How that works, is that the compiler will, together with these special tools, insert a special function call after every single line of code in your program telling the coverage tool that that line is executed. The code below illustrates that, though many details are omitted:

#![allow(unused)]
fn main() {
fn fibonacci(n: u64) -> u64 {
    cov(2); match n {
        0 => {cov(3); 0},
        1 => {cov(4); 1},
        n => {cov(5); fibonacci(n - 1) + fibonacci(n - 2)}
    }
}

// called when a certain line is covered
fn cov(line: usize) {todo!()}
}

Note that this may make your code slightly slower, since these extra function calls do have overhead.
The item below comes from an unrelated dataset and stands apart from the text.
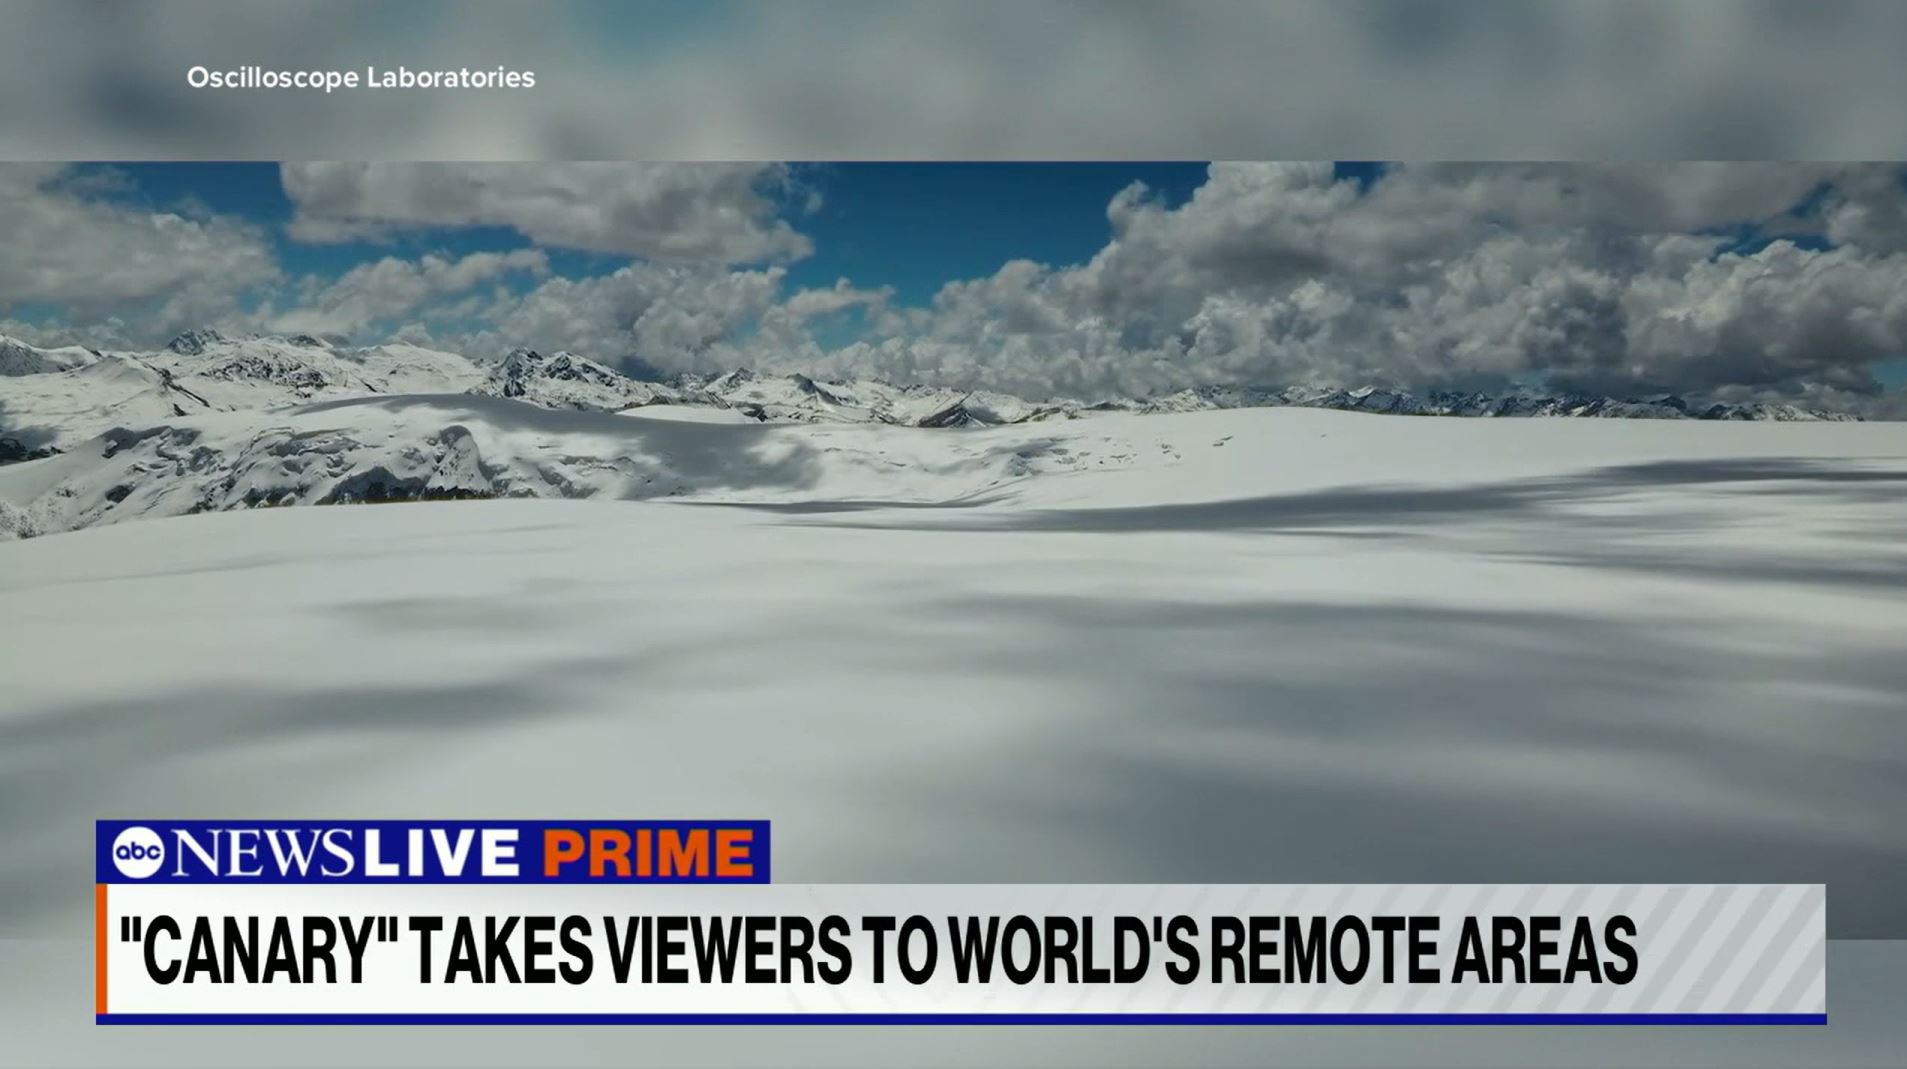 screenshot of a snow covered vista with blue skies and white clouds and text. At the top text states  Oscilloscope  Laboratories. A text block at the bottom has the ABC logo and News Live Prime "Canary" takes viewers to world's remote areas.

Let's use tarpaulin as an example. With the above code in a project, we can simply run cargo tarpaulin -o html and after some running the tool will generate an html file called tarpaulin-report.html which will look like the example below (note that you can click on it! may work better with light theme):

Types of Coverage

Cargo tarpaulin shows us which lines in our program are and aren't executed. We call this line coverage. Although useful, don't make the mistake of thinking that when all lines are covered by your testcases, there are no bugs left in your program. When a line of code is reachable in multiple ways, for example by one of several conditions being true, and you only test one such path, any of the other paths may still be incorrect.

There are different metrics we can use for coverage. For example, cargo llvm-cov supports region coverage. A single code region may contain multiple regions, for example in boolean expressions a > 3 || b < 5 would be two regions.
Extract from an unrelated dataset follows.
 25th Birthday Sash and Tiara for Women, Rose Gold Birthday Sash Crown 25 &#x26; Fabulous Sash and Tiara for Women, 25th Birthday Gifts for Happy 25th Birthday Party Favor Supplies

One step stronger still is branch coverage. The previous example contains 2 regions, but 4 possible branches: a > 3, a <= 3, b < 5 and b >= 5. Under branch coverage, a test needs to verify each of these. Unfortunately, branch coverage is not very well supported in Rust yet.
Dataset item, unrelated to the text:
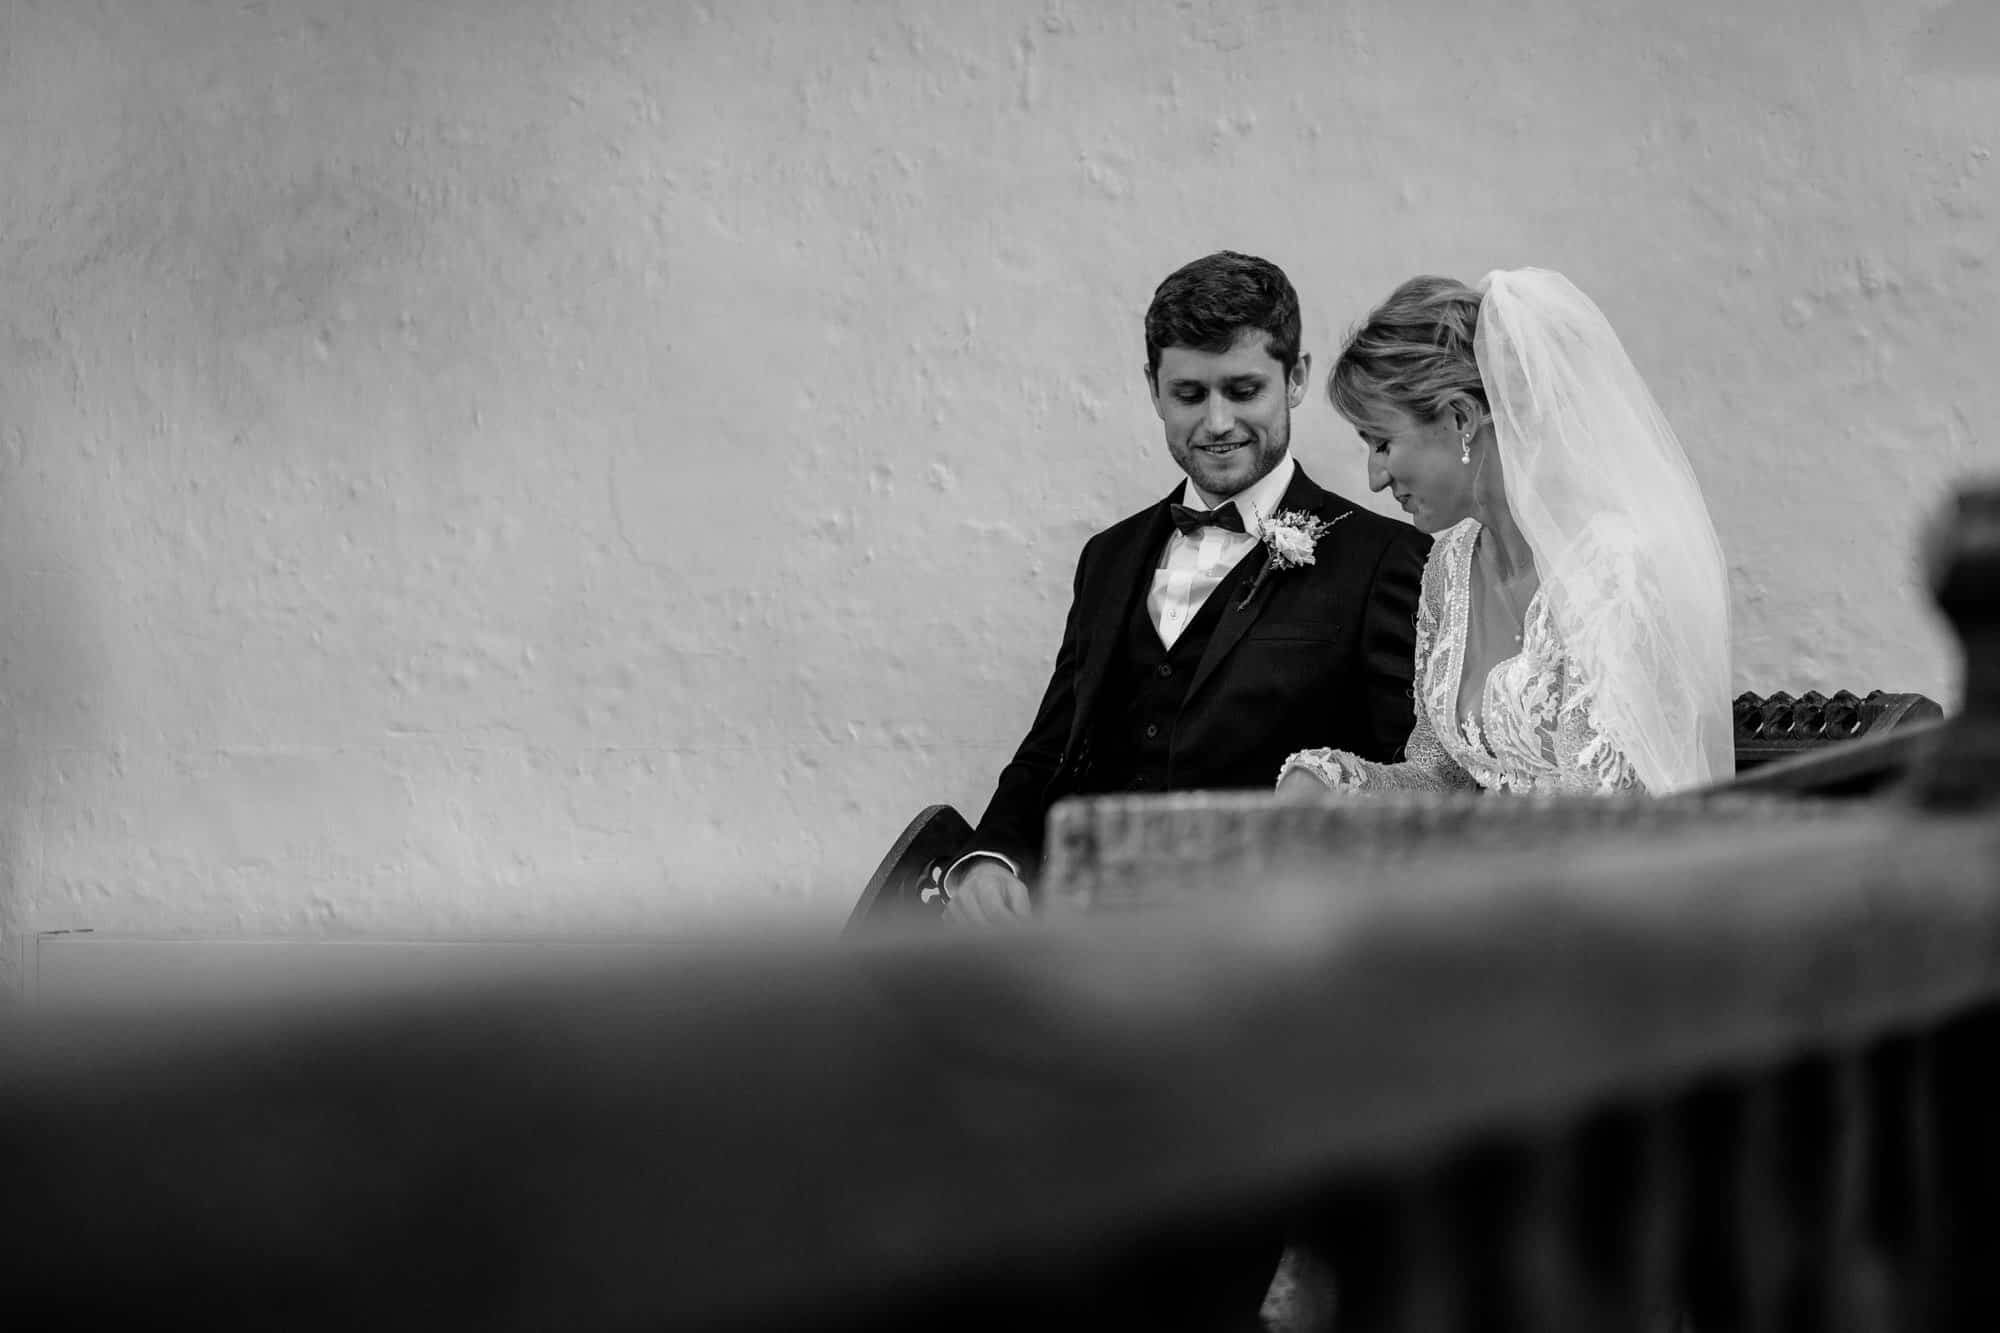 Relaxed moment between bride and groom in church

And still, even with these stronger types of coverage, you have to remember that with 100% coverage there can still be bugs!

Types of Tests

When we test code, there are different kinds of tests of different granularity, which have commonly used names.

  • Unit Tests: A test of a single isolated part of a program (unit) like a single function.
  • Integration Test: A test of various systems together to see whether they work together correctly.
  • End-to-End/System test: A test of the entire system, from start to finish. Usually the last thing you do.
  • Smoke Test: Often the very first test you make to just see if one very common usage of your program doesn't completely crash. Useful while you start writing a program before you do proper testing to simply see if you haven't done something very stupid.

These kinds of tests have different granularity, and are useful for different purposes. When an integration test or end to end test fails, it might not be obvious what the reason of the failure is, it could be anywhere in the system. With a unit test you can make sure that each basic component works correctly. Once you are sure that that is the case, you can work your way up to integration tests and end to end tests to see if more and more of a system is correct.

Test Driven Development

Up to now, we have assumed that we write tests after we wrote software, to see if the software we wrote first is actually correct. However, that does not always have to be the order. When a bug is found in a large or complicated project, it can be hard to find what exactly causes it. In that case it can be helpful to first create a test that reliably triggers the bug and fails. Then, it becomes very clear what has to be done to fix the bug: make the test pass. We call this test driven development, where we write the test first for the software that still has to come.

In Rust, we sometimes use a derived term: compiler driven development. That's when we use the compiler to help us write software. We start with wrong software and keep following compiler error messages until the code compiles, and more often than not is also correct!